Что читать: рассказ Евгения Бабушкина, путешествующего по советскому кино, сидя в турецкой деревне
Cегодня мы путешествуем во времени. Это номер (печатный майский номер – Правила жизни) о новом русском кино, а я напишу о старом советском, потому что «Дылду» люблю, а «Землю» – больше.
Зато я ненавижу, когда шутят про заливную рыбу.
Я и сам так делал много раз. Советский канон спасителен. Я говорил «очень приятно, царь», когда ковбои на Донбассе проверяли документы, тыча в живот винтовкой. Цитировал «Джентльменов удачи», чтобы найти общий язык с миллионером. С помощью «Кавказской пленницы» успешно отшучивался от гопников. И без особого успеха пришучивался к московской интеллигенции.
Но то ли среда молодеет, то ли канон состарился – в ответ на мертвых, которые с косами стоят, я все чаще слышу недоуменное молчание. И это прекрасно. Худшее, что можно сделать с советским кино, – растащить его на цитаты. Это как разобрать византийскую крепость на сарайчик для коз. У меня сейчас как раз такой сарайчик за окном.
В моем пантеоне нет комедий. Сегодня я пересматривал «Девять дней одного года». Конструктивистские декорации. Промышленные шумы вместо музыки. Контрастный монтаж, лаборатория света и тени. И на этом предельно условном фоне стоит физик Синцов – артист Николай Плотников. Смешной, лысый, толстый и невероятно живой. Он запахивает больничный халат, похожий на хитон трагика, и предлагает коллеге «поразмышлять», потому что «времени осталось нуль». И все, что его волнует, – где карандаш для расчетов: «это, брат, не просто карандаш, это счастливый карандаш».
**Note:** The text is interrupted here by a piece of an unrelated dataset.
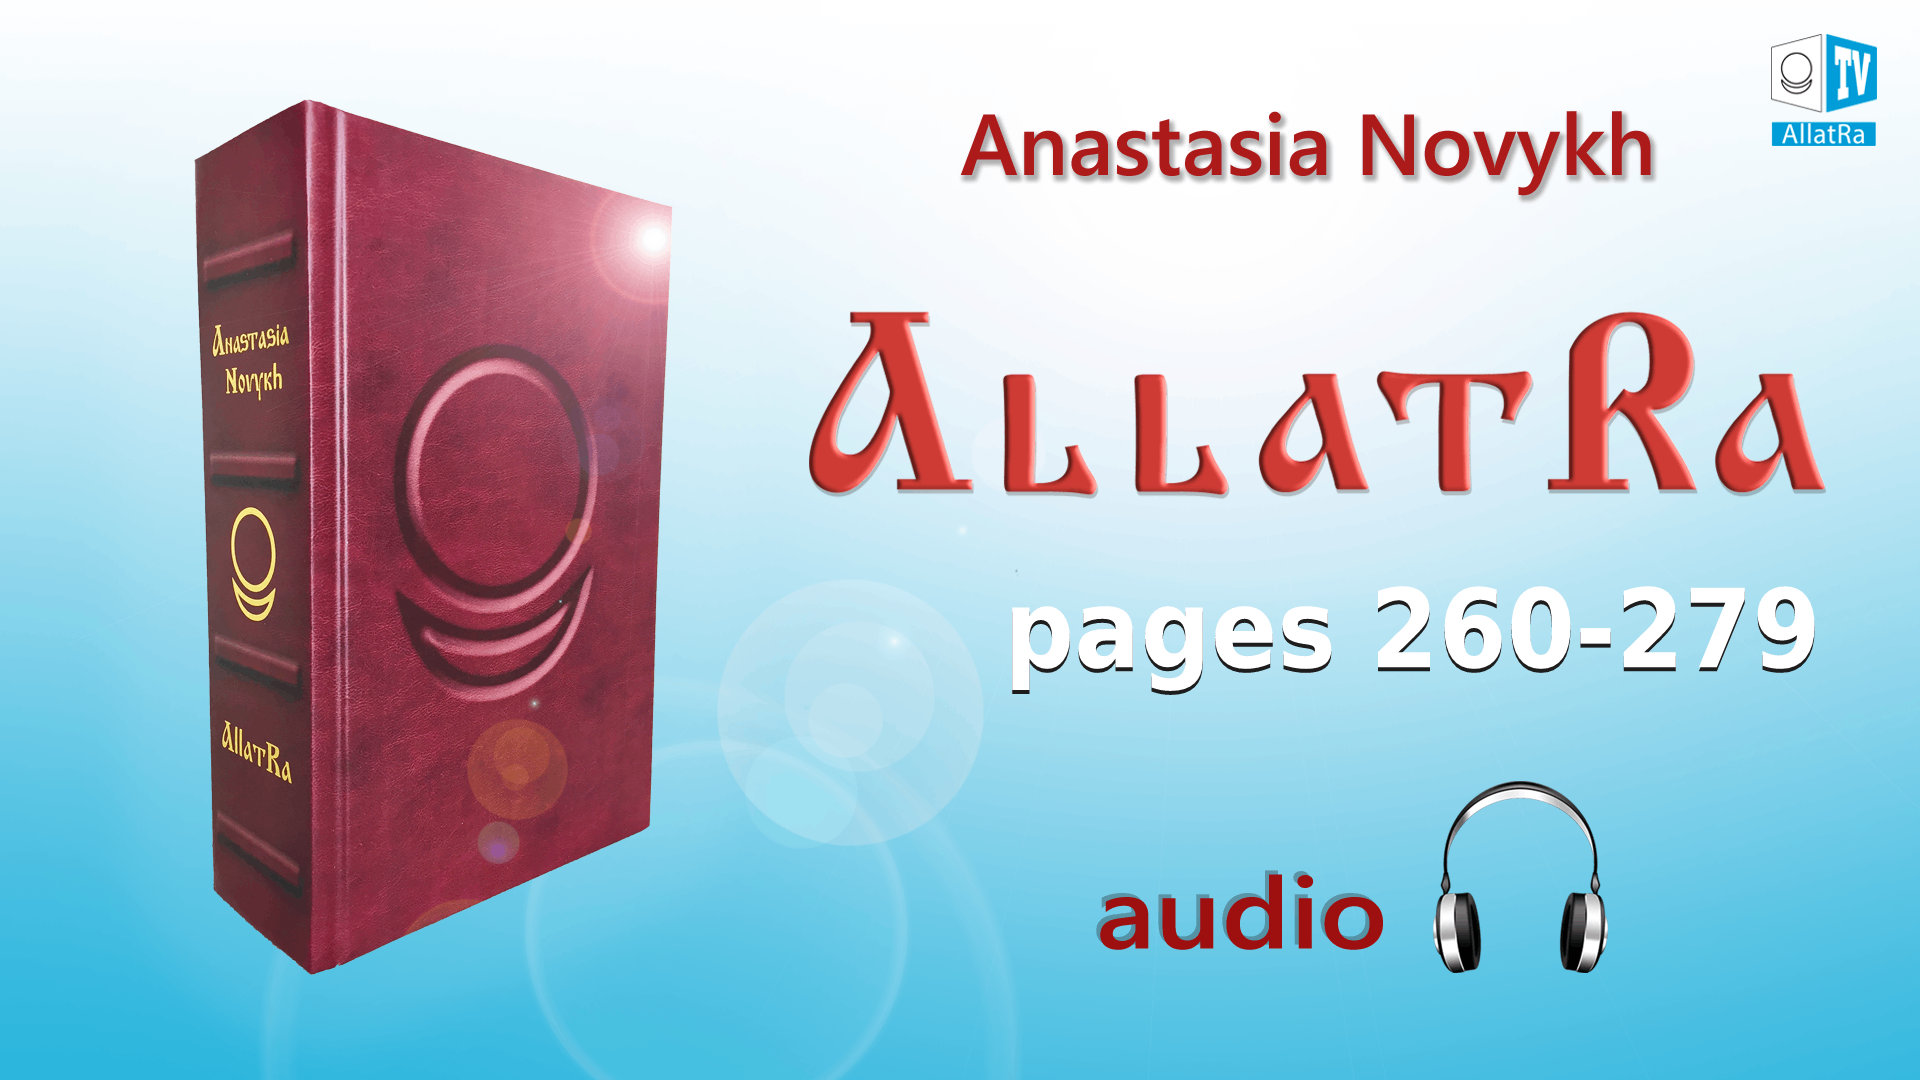 АllatRa. Anastasia Novykh. Audiobook. Pages 260-279

Он получил 800 рентген и через пять минут экранного времени уже не сможет встать, чтобы попрощаться с женой. И я разрыдаюсь – хотя мне вообще-то плевать на проблемы термоядерного синтеза. Но это не важно. Не важно, что за окном турецкая деревня, ночью было землетрясение, а утром комендантский час, что в России кого-то снова мучают в тюрьмах, а в Америке жемчуг мелок. Важно, что умирает хороший мужик, думая, что завершил дело жизни. И я точно знаю, что он ошибается.
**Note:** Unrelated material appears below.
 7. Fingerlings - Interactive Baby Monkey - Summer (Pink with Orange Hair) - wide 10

Зачем пересматривать это старье? Не бывает ведь таких ученых. Таких рабочих. Таких артистов. Нельзя строить отношения по «Коротким встречам». Расставаться, как в «Долгой счастливой жизни». Гулять по Москве, как в «Заставе Ильича». Переезжать, как в «Прощании». Я все это пробовал и обнаружил полную неприменимость советских ролевых моделей.
Это кино для другого.
У немцев был экзистенциализм, у французов – новая волна, у венгров – невероятный поэтический кинематограф, но советское кино лучше всех умело – и умеет до сих пор – вырывать зрителя из повседневности. Лучшие фильмы – это полет Гагарина, дальше просто некуда.
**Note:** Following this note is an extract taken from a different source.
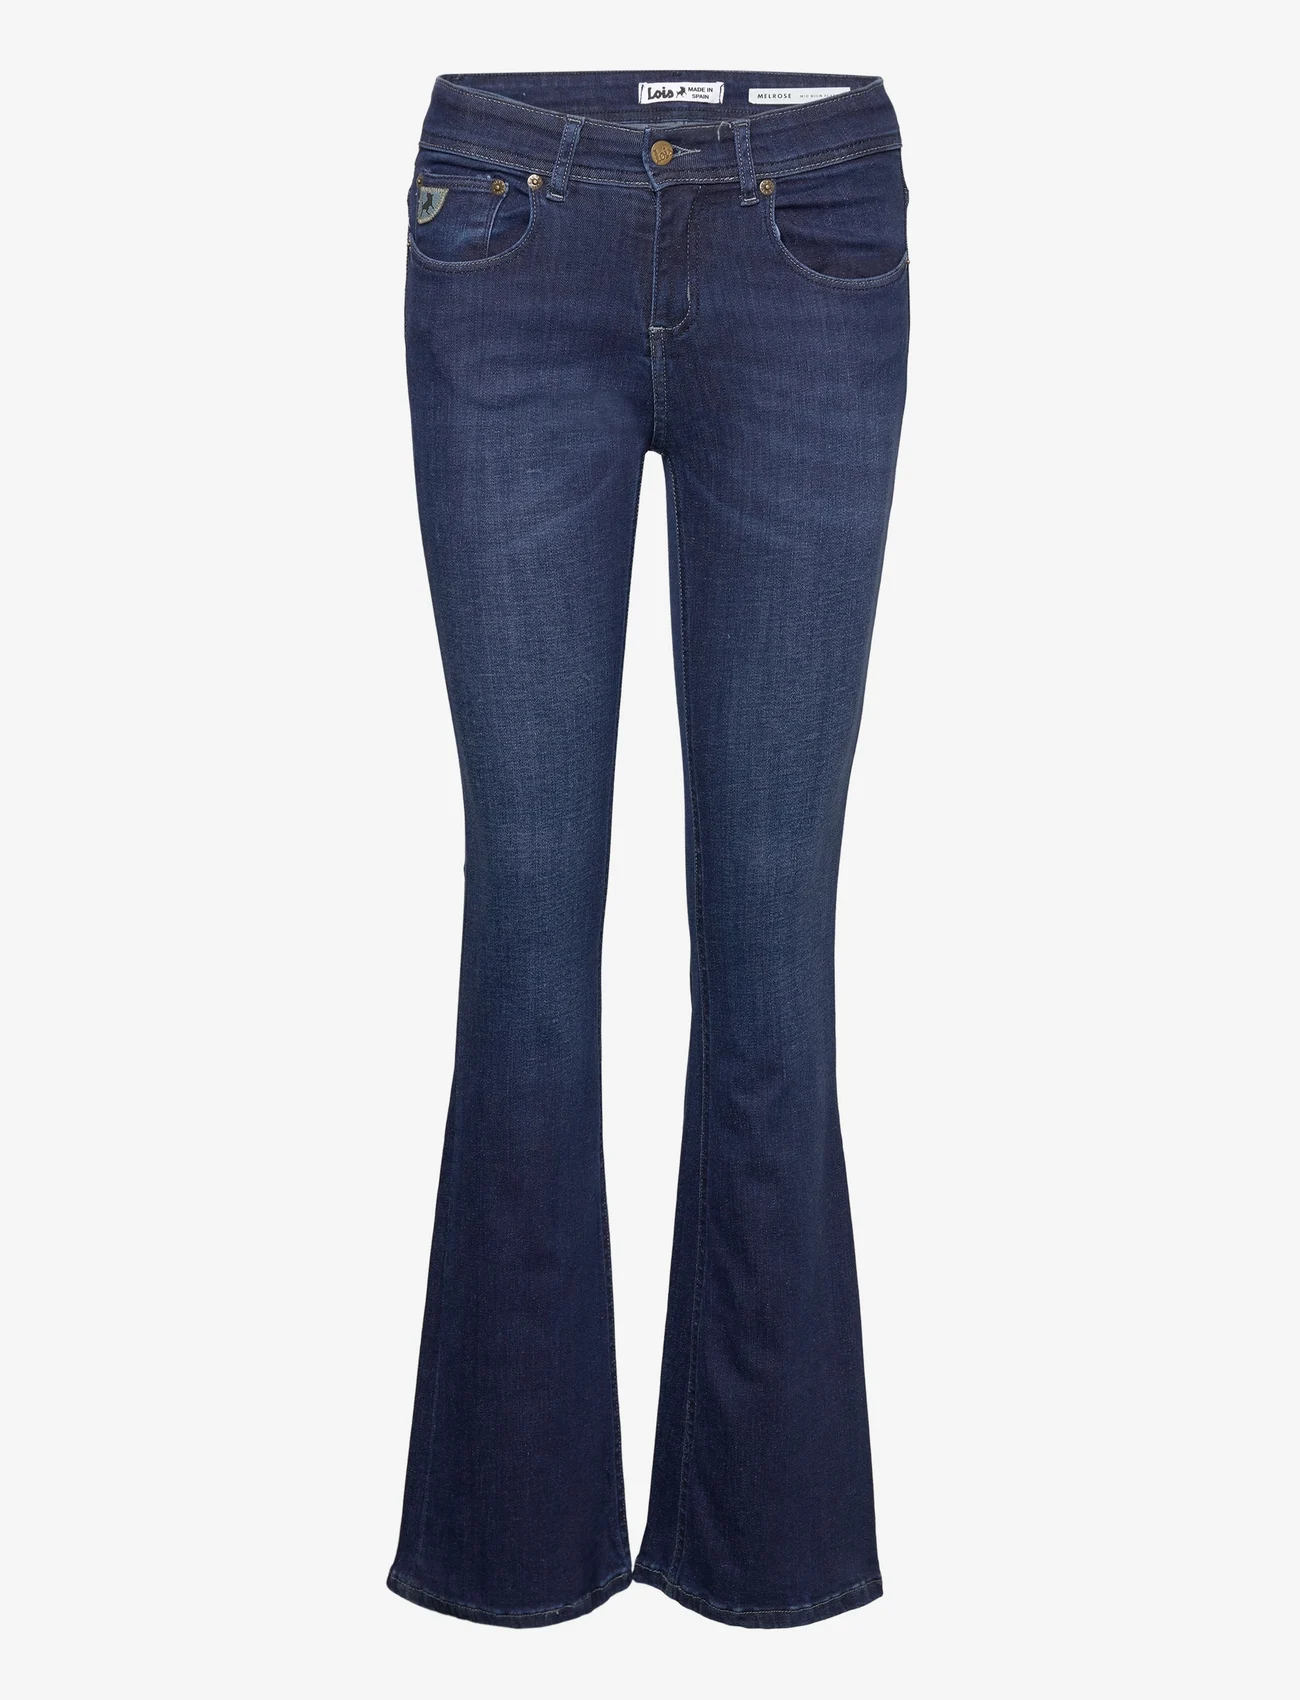 Lois Jeans - Melrose 5707 Marconi Mist - flared jeans - dark blue - 0

Хотите все понять про время? Забейте на трюкача Нолана: смотрите, как мальчик стареет за час на целую жизнь в «Иди и смотри».
Про одиночество? Любой фильм Данелии, но с затычками в ушах. Смотрите, какая там композиция. И как после секса артист Куравлев видит белую лошадь в тусклом окне.
Про государство? Это когда ощетинившаяся штыками многоножка убивает людей в «Броненосце "Потемкин".
Про семью? А как вам полная ее пересборка в финале «Летят журавли?»
Хотите трагедию? Это когда у Довженко в «Земле» – тридцатый, мать его, год! – совершенно голая артистка Максимова раздирает грудь, потому что жениха кулаки убили.
Трагедия – это когда утрата невосполнима. Когда умирает целый мир.
Не знаю, зачем они красят лестницы в радугу, но на днях в Стамбуле по одной из таких катилась тележка мусорщика.
И мы со случайным французом завороженно смотрели, как она скачет по красному, оранжевому, желтому. Я вспомнил другой объект на другой лестнице и произнес имя, понятное всем народам: Эйзенштейн.
Француз поступил максимально кинематографично: тяжело кивнул, посмотрел с уважительным удивлением и отдал честь то ли мне, то ли тележке.